What is required: Go through the listing below and retype exactly the lines starting at the one with "остеопатия при межпозвоночной грыже отзывы" and ending at the one with "哈尔滨钢材,哈尔滨保温管,哈尔滨彩钢板", skipping pictures.

Start of Stored data

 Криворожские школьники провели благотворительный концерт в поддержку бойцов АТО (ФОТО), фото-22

End of Stored data
Start of Stored data

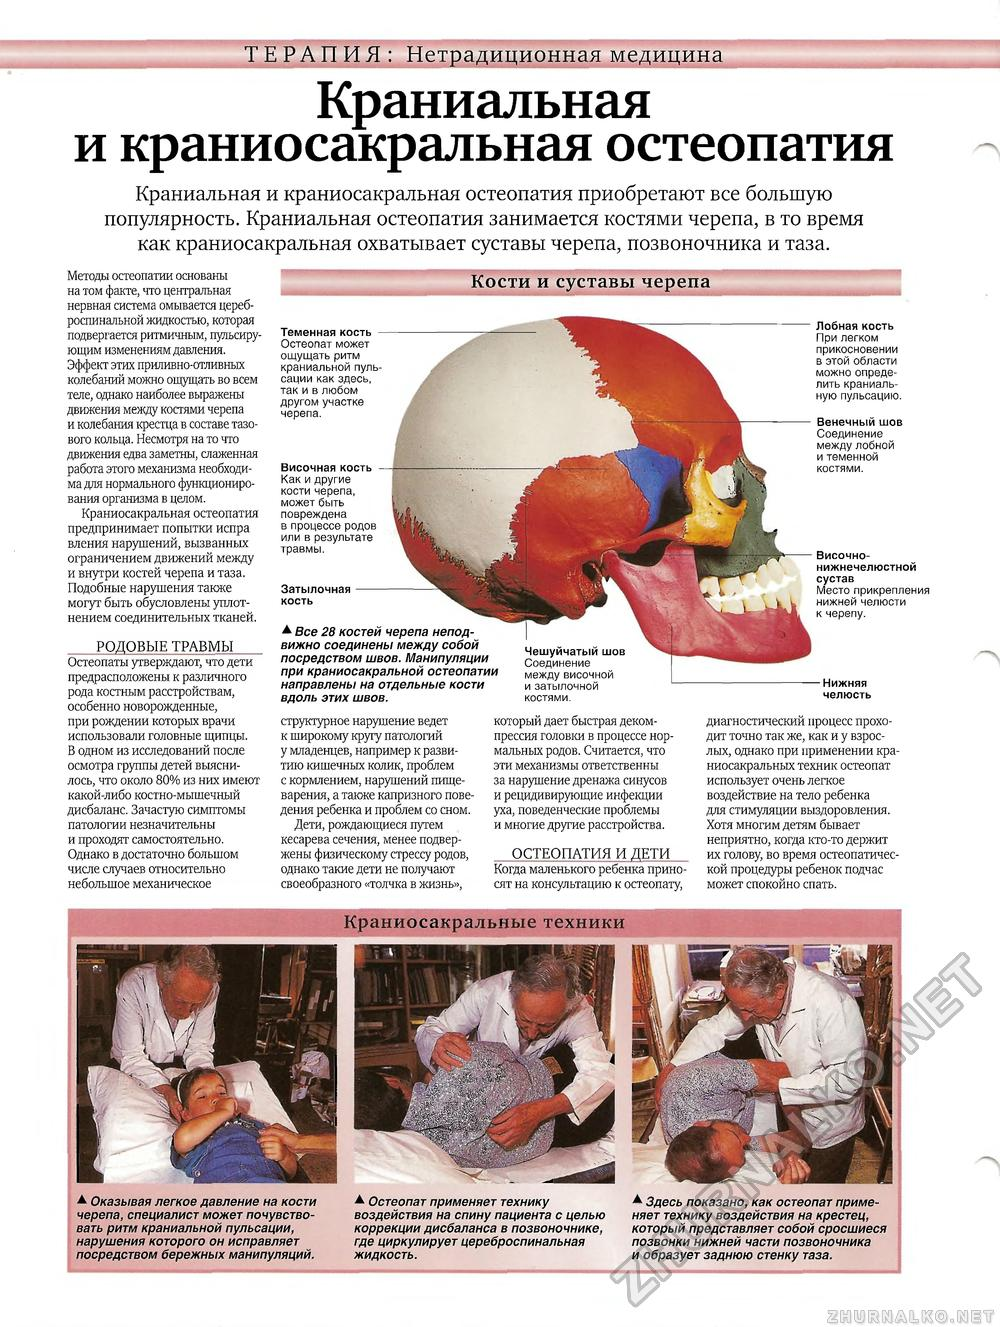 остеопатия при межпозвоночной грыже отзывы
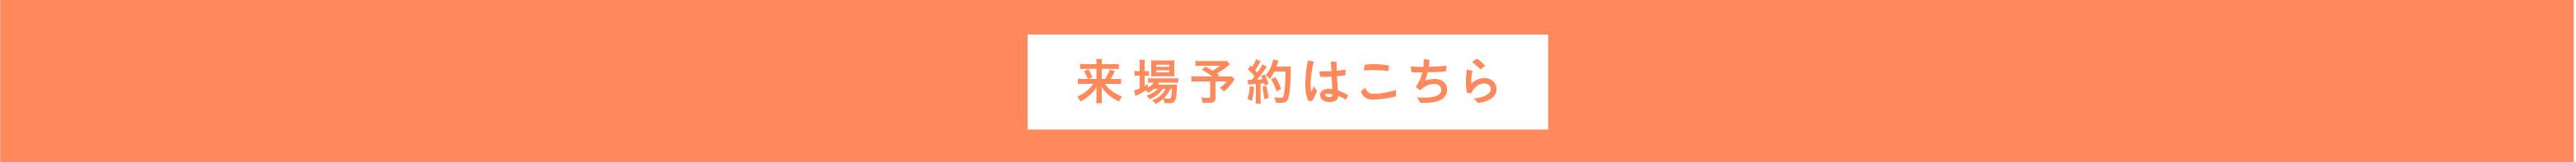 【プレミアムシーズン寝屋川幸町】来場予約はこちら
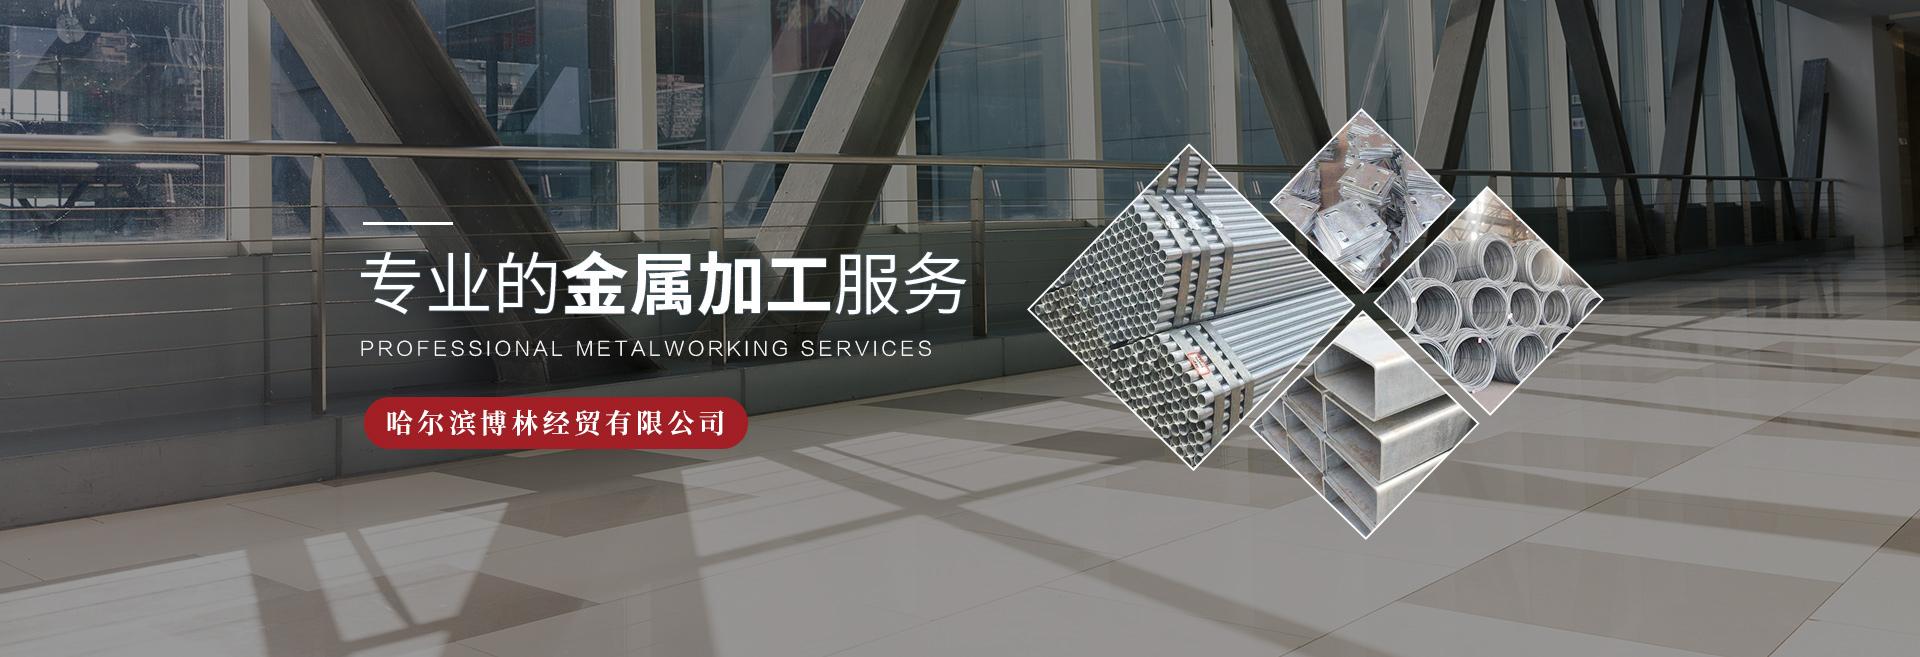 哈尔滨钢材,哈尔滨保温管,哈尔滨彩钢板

End of Stored data

Answer below:
 остеопатия при межпозвоночной грыже отзывы
 【プレミアムシーズン寝屋川幸町】来場予約はこちら
 哈尔滨钢材,哈尔滨保温管,哈尔滨彩钢板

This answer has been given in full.